Storage and Preservation
Store carbonara ravioli in an airtight container in the refrigerator for up to 2 days, avoiding sauce oxidation. To freeze, individual portions wrapped in plastic film last 1 month; thaw in the refrigerator and reheat in a low skillet with a bit of water for 3 minutes to restore creaminess, never in the microwave to preserve texture.
Homemade and Elastic Ravioli Dough, a perfect base for creative fillings that complement the smoky carbonara flavor.
How about a light gnocchi as a side? The Homemade Soft and Easy Potato Gnocchi brings smooth texture that harmonizes beautifully, creating a complete and indulgent Italian meal.
Can I substitute bacon for another ingredient?
Yes, pancetta or cured ham work well in the same 200g amount, maintaining the essential smoky flavor. For a vegetarian version, use thick-sliced shiitake mushrooms, sautéing until they release moisture to enrich the sauce. The crispy texture is preserved with medium heat cooking, adjusting salt as these ingredients vary in sodium.
How to avoid curdling the eggs in the sauce?
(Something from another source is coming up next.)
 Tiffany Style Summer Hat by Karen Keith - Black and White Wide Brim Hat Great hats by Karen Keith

Add the 7 beaten eggs only with the skillet off the heat, using the residual heat from the hot ingredients to cream. Stir quickly to integrate with the ravioli and butter, forming a silky emulsion without overcooking. If the sauce bubbles strongly, the eggs harden, so prioritize low heat at the end of preparation.
How long does carbonara ravioli last in the refrigerator and how to store it?
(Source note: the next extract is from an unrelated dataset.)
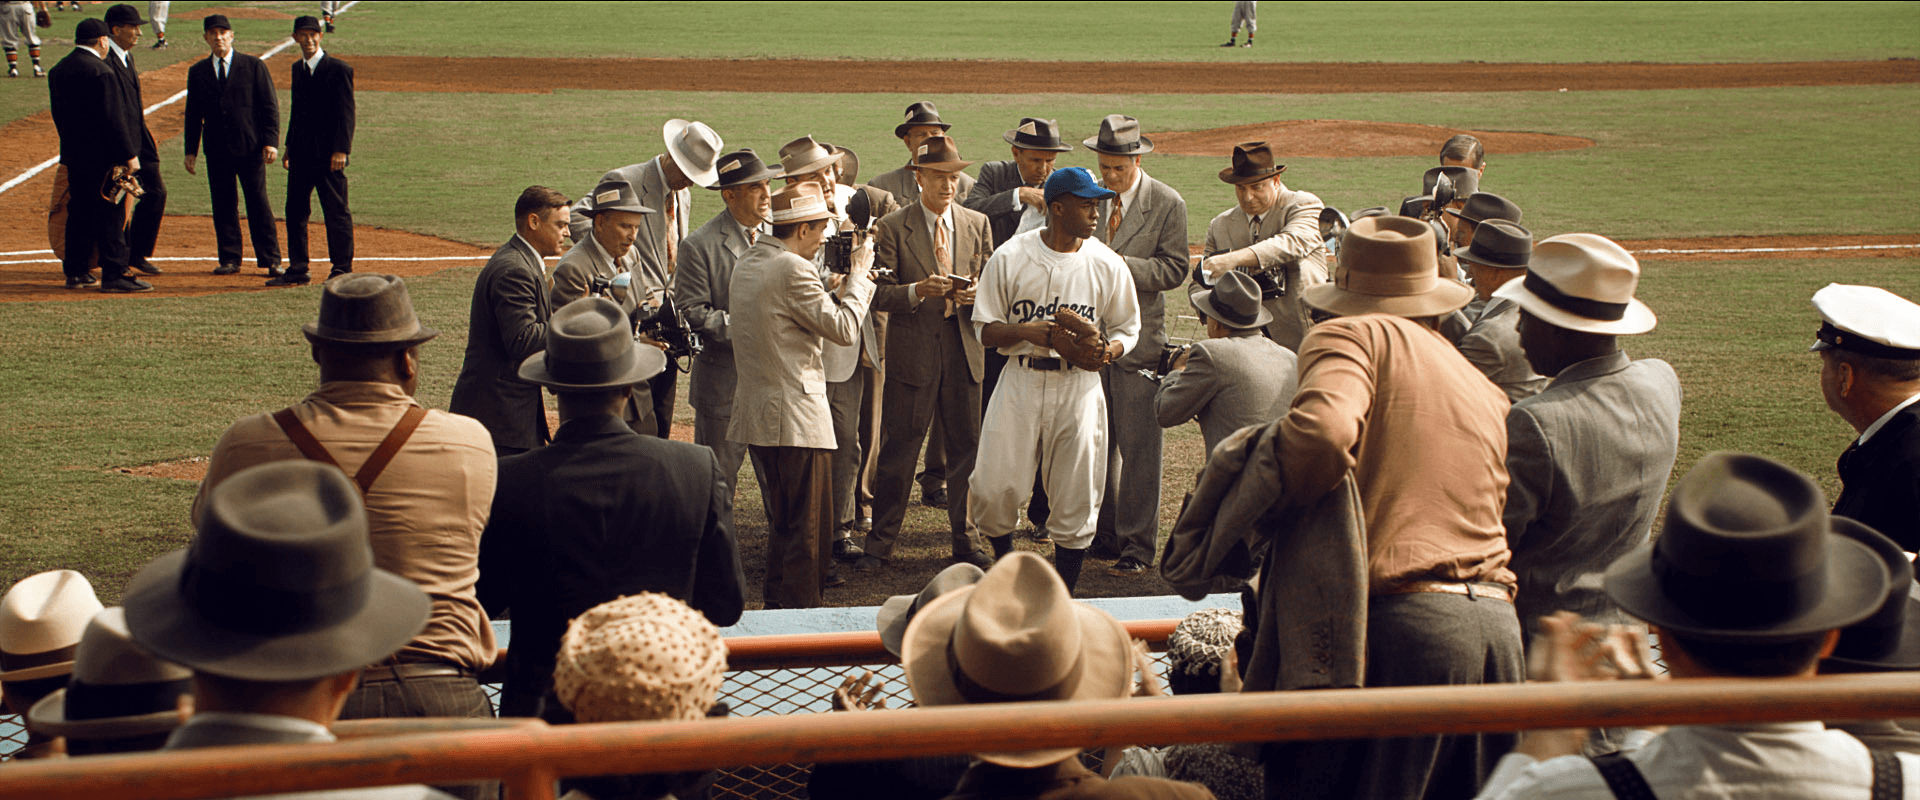 The true story of Jackie Robinson in one of the great baseball movies.

Store in an airtight container in the refrigerator for up to 2 days, consuming soon to avoid loss of creaminess. Reheat in a skillet with a little warm water over low heat for 2-3 minutes, stirring to restore texture. Do not freeze after assembly, as the egg sauce separates upon thawing.
How many people does the recipe serve and can I double the quantities?
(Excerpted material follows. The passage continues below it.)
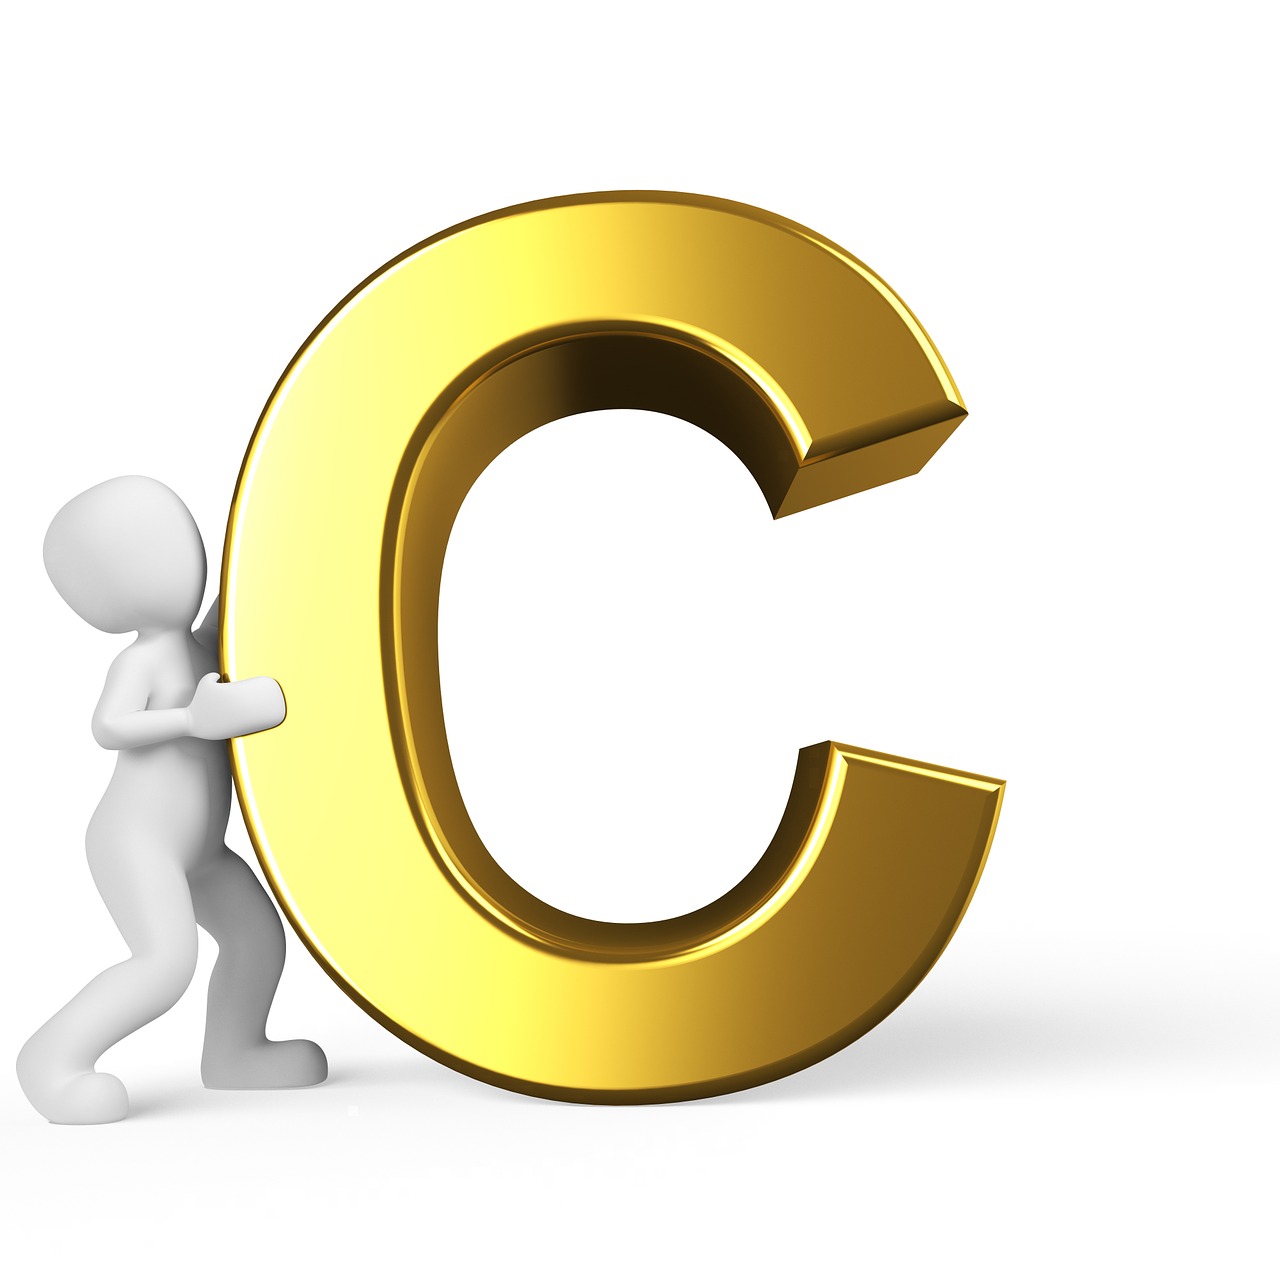 Download free photo of C,letter,alphabet,alphabetically,abc - from

Yields exactly 6 generous servings in 40 minutes total preparation. To double, multiply all ingredients by 2, using a larger pot for pasta and a wide skillet for sauce, without changing cooking times. Adjust salt by tasting as bacon and parmesan accumulate sodium in extra servings.
Why did my sauce turn out dry or bland?
This happens if the bacon is cooked on too high heat, burning the fat instead of melting it slowly for 5 minutes. Reserve ravioli cooking water (½ cup) to dilute and cream with butter and parmesan. Always season with oregano and pepper after tasting, balancing the umami from the diluted chicken broth.
Do I need special equipment to make this recipe?
No, a large pot to boil the half kilo of ravioli and a skillet to sauté are enough, with an improvised strainer like a colander. Bowl to beat eggs and silicone spatula facilitate, but a wooden spoon substitutes perfectly. Focus on controlled heat for success in the always 40-minute preparation.